» What is required: Pictures stay out; everything else in the listing below is to be restated word for word.

» Exercise data:
• • • • •

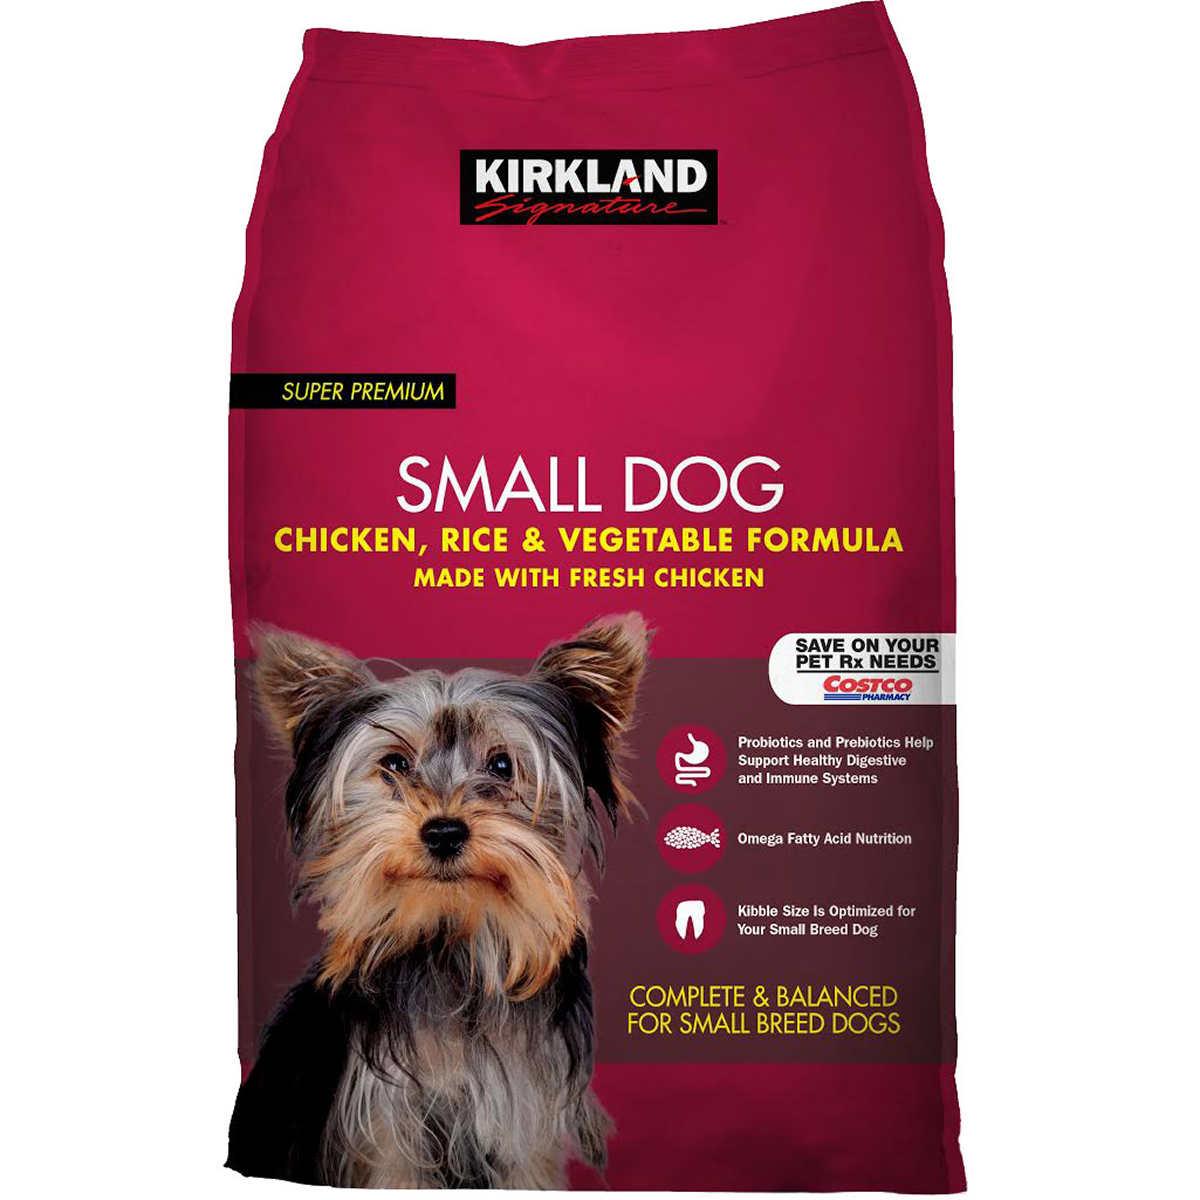 Kirkland Signature Small Formula Chicken Vegetable Dog Food 20 Lb
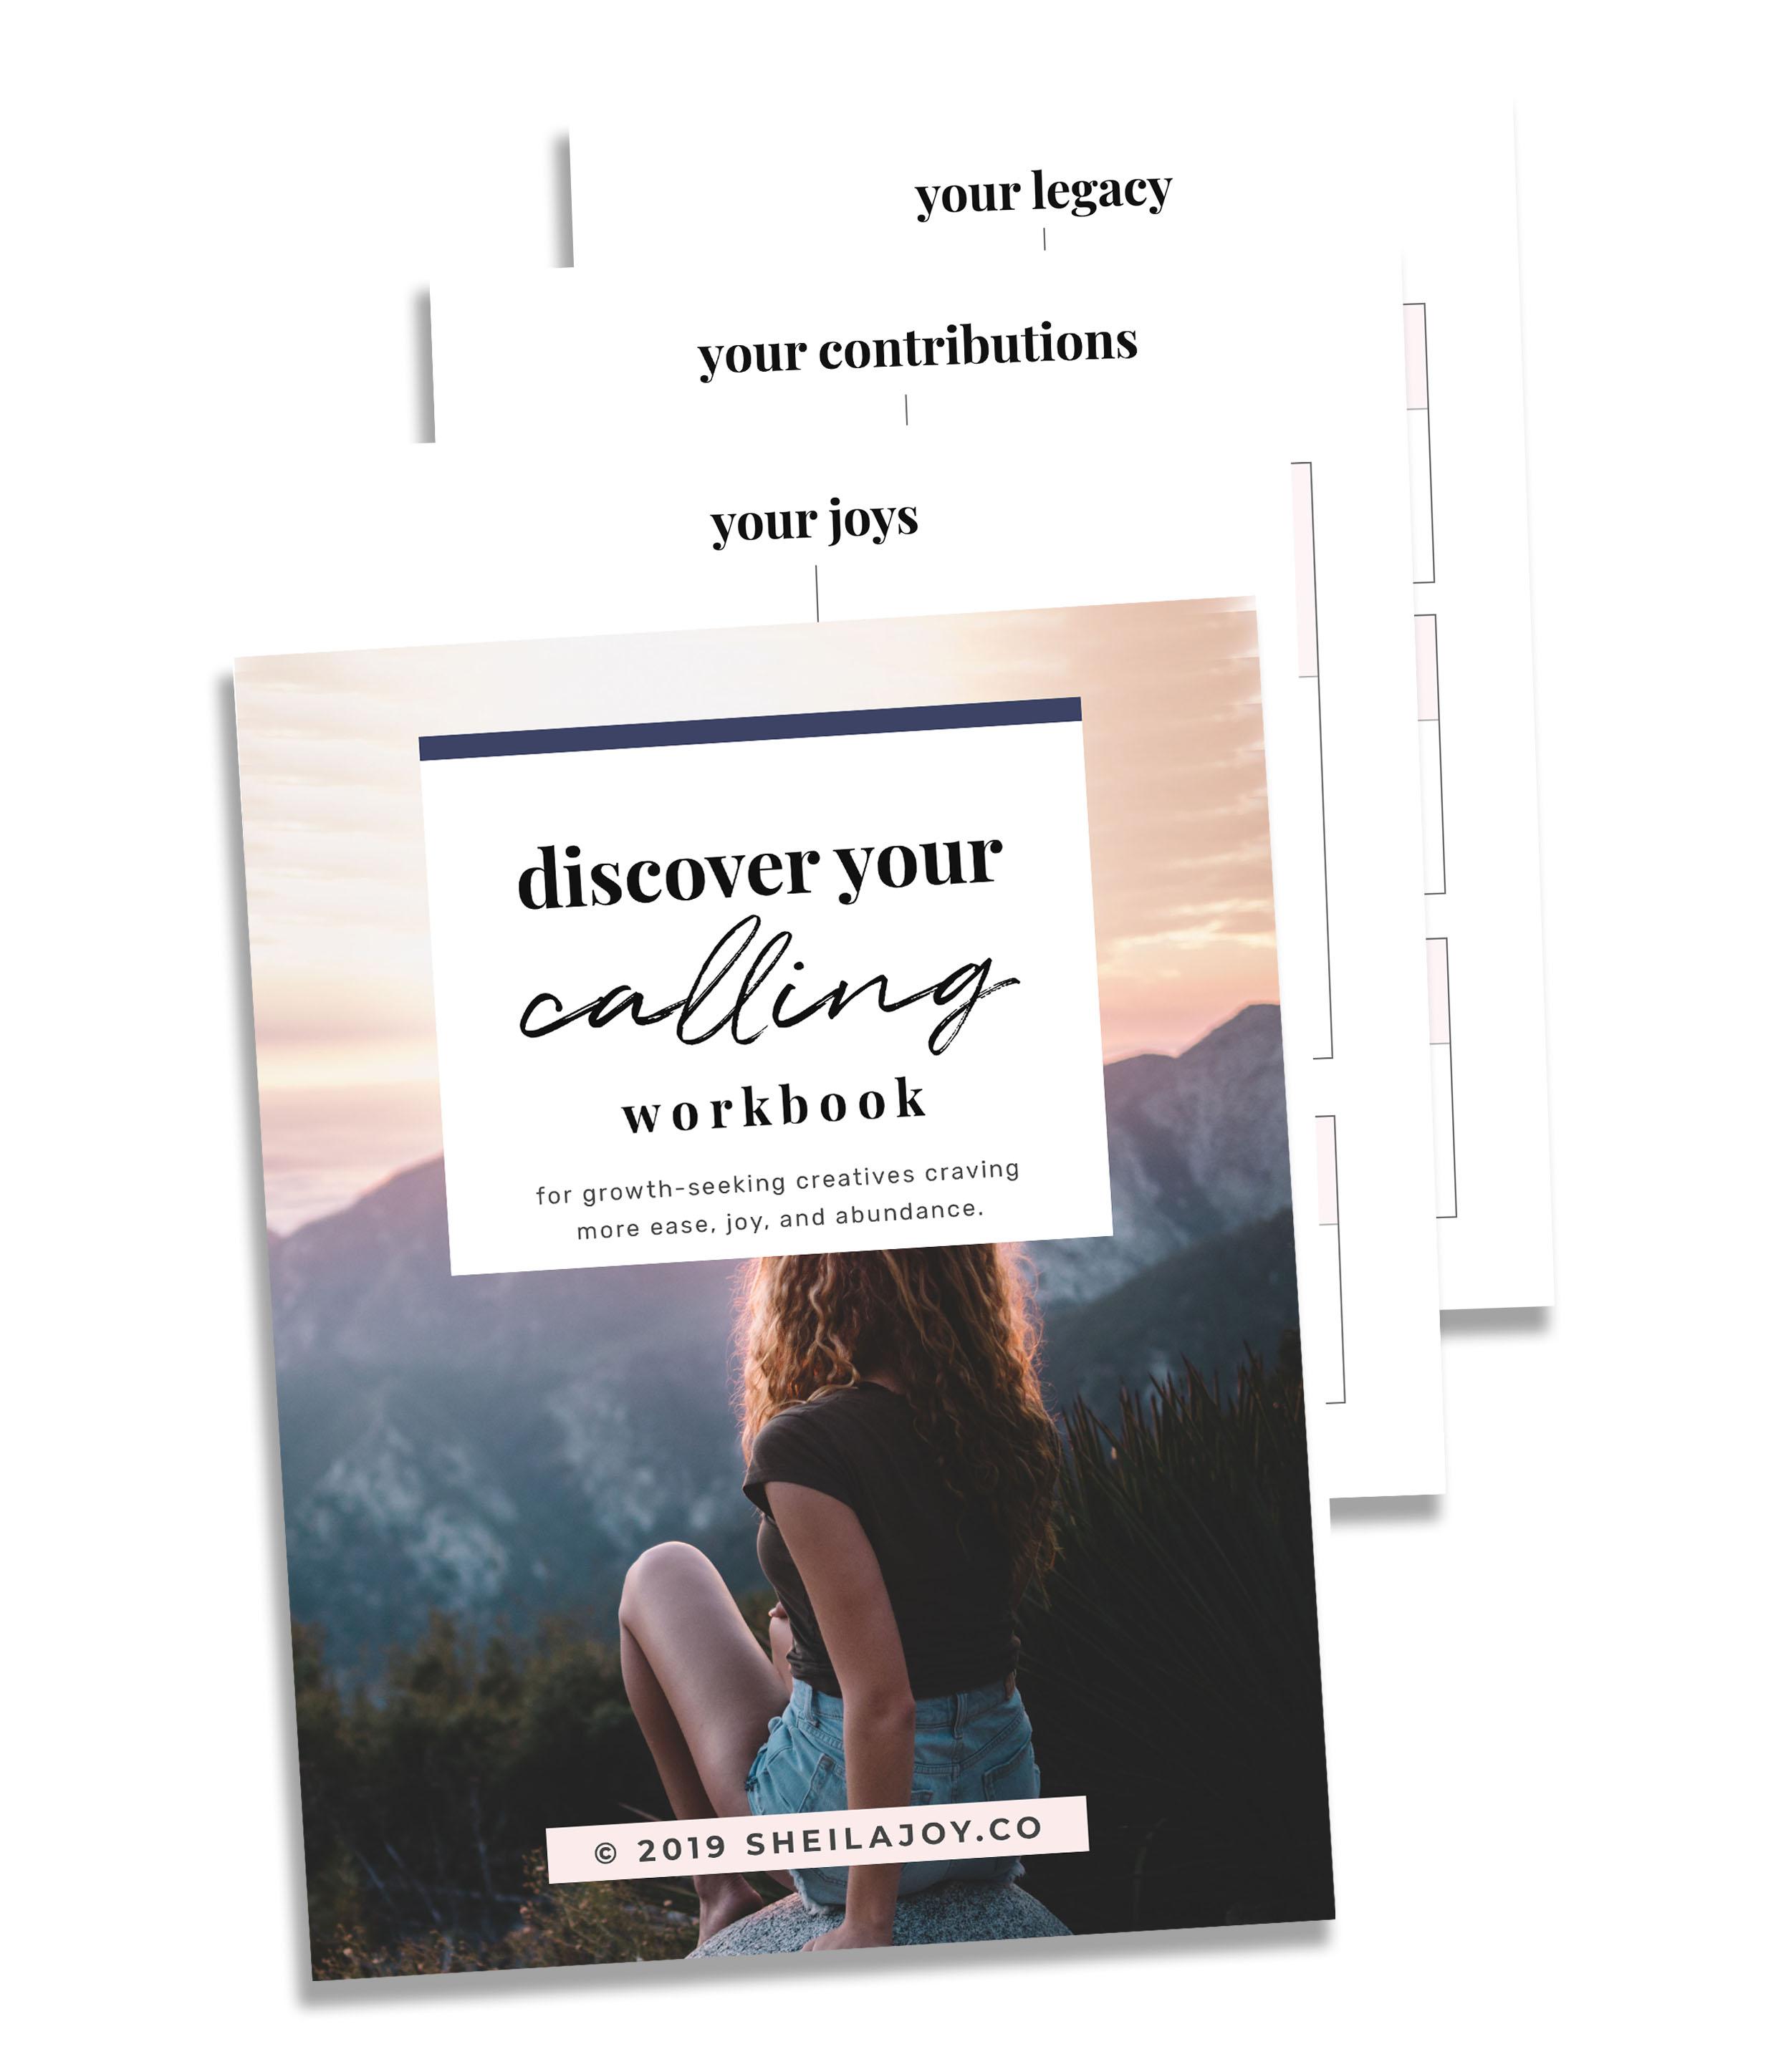 Mockup_Discover-Your-Calling-Workbook.jpg
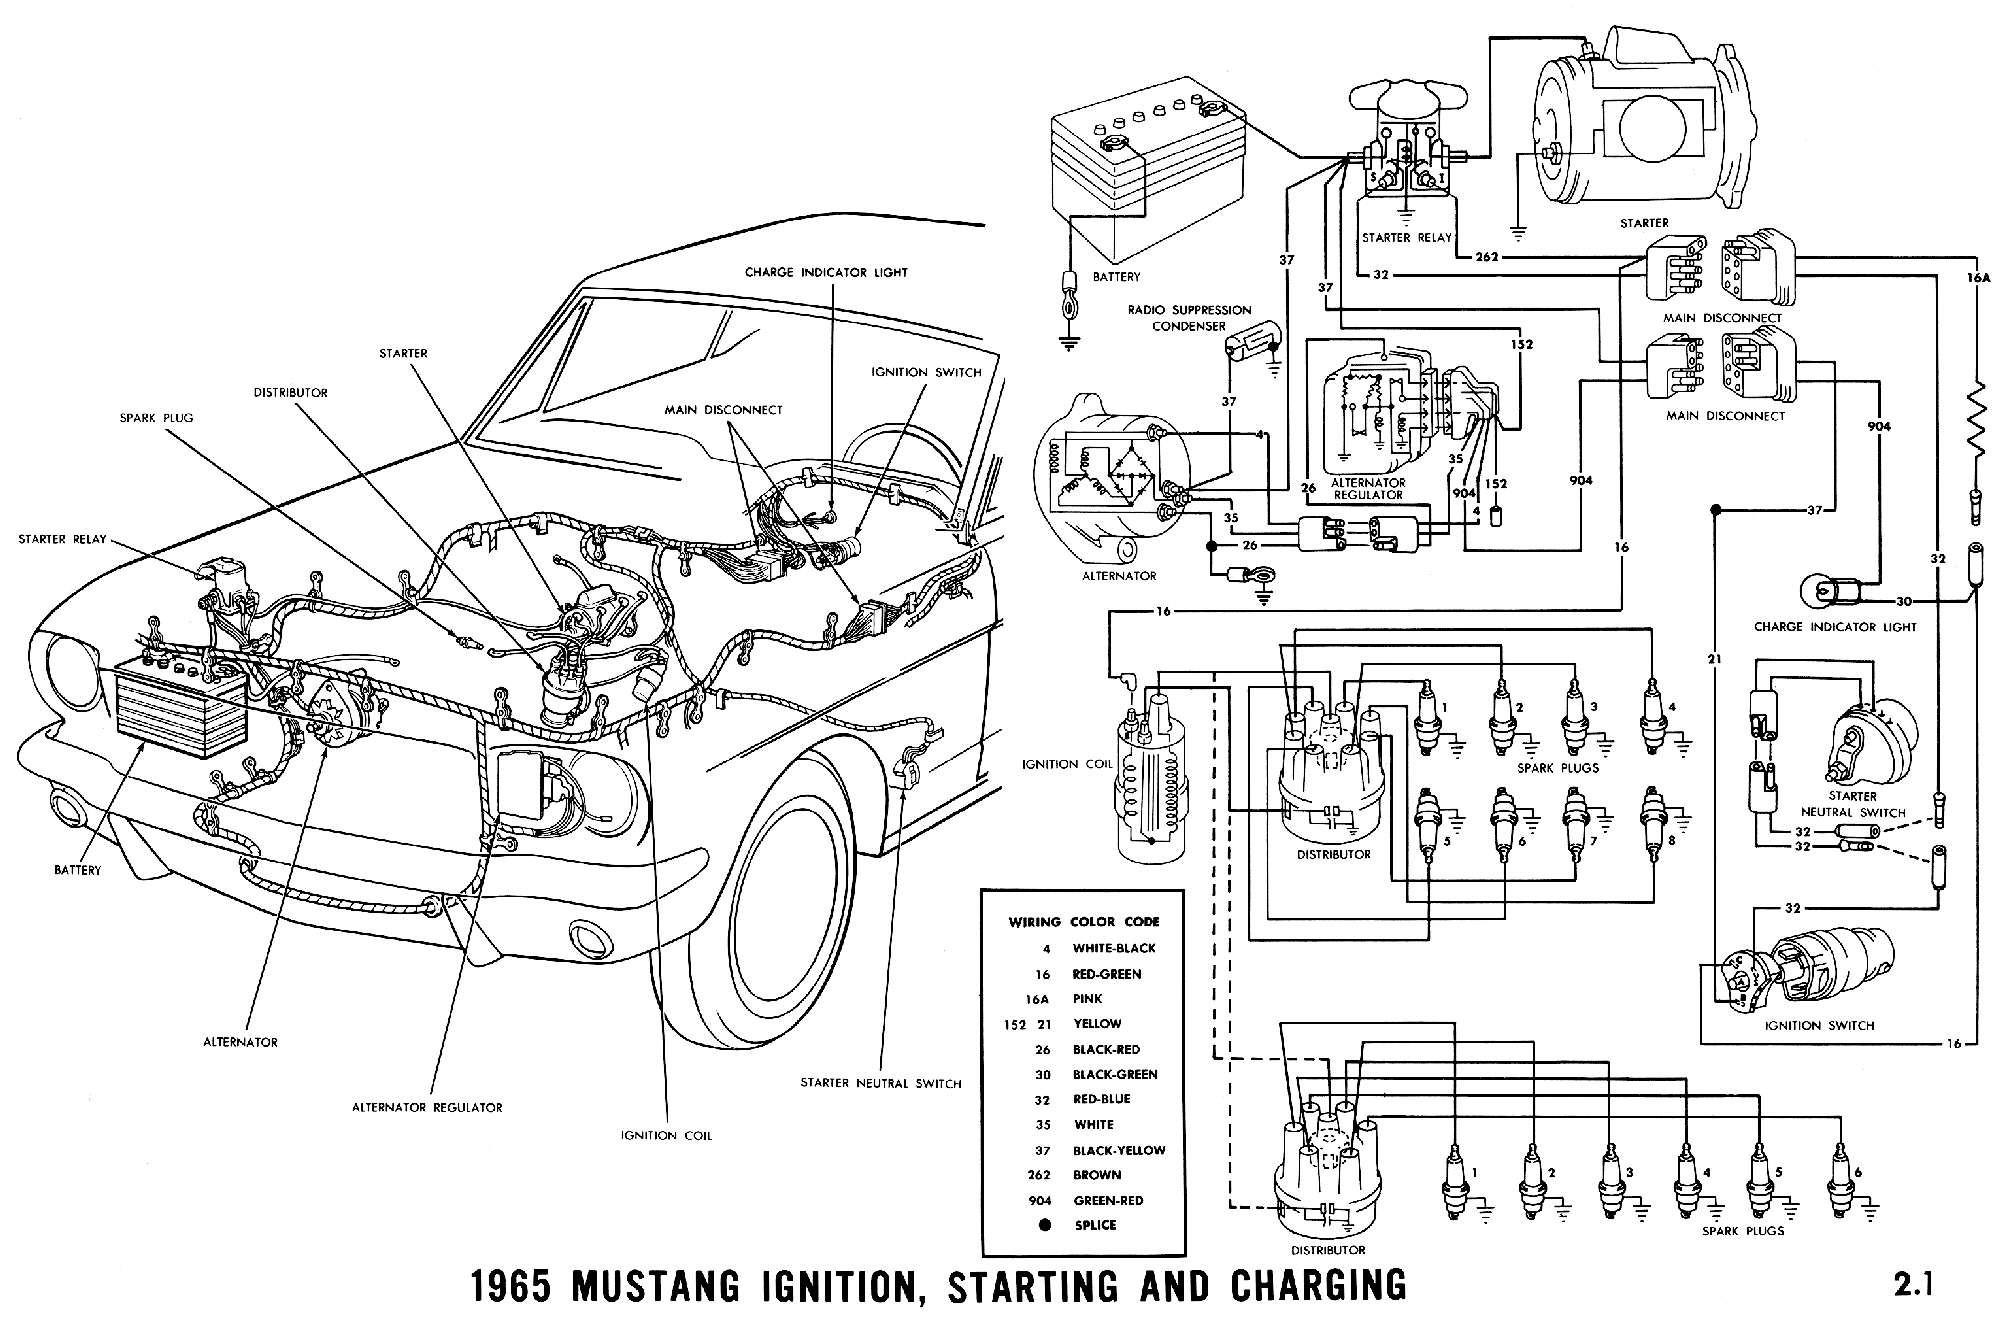 Truck Diagram Parts 2015 Mustang Engine Diagram Engine Car Parts and Ponent Diagram Of Truck Diagram Parts

• • • • •

» Task answer:
 Kirkland Signature Small Formula Chicken Vegetable Dog Food 20 Lb
 Mockup_Discover-Your-Calling-Workbook.jpg
 Truck Diagram Parts 2015 Mustang Engine Diagram Engine Car Parts and Ponent Diagram Of Truck Diagram Parts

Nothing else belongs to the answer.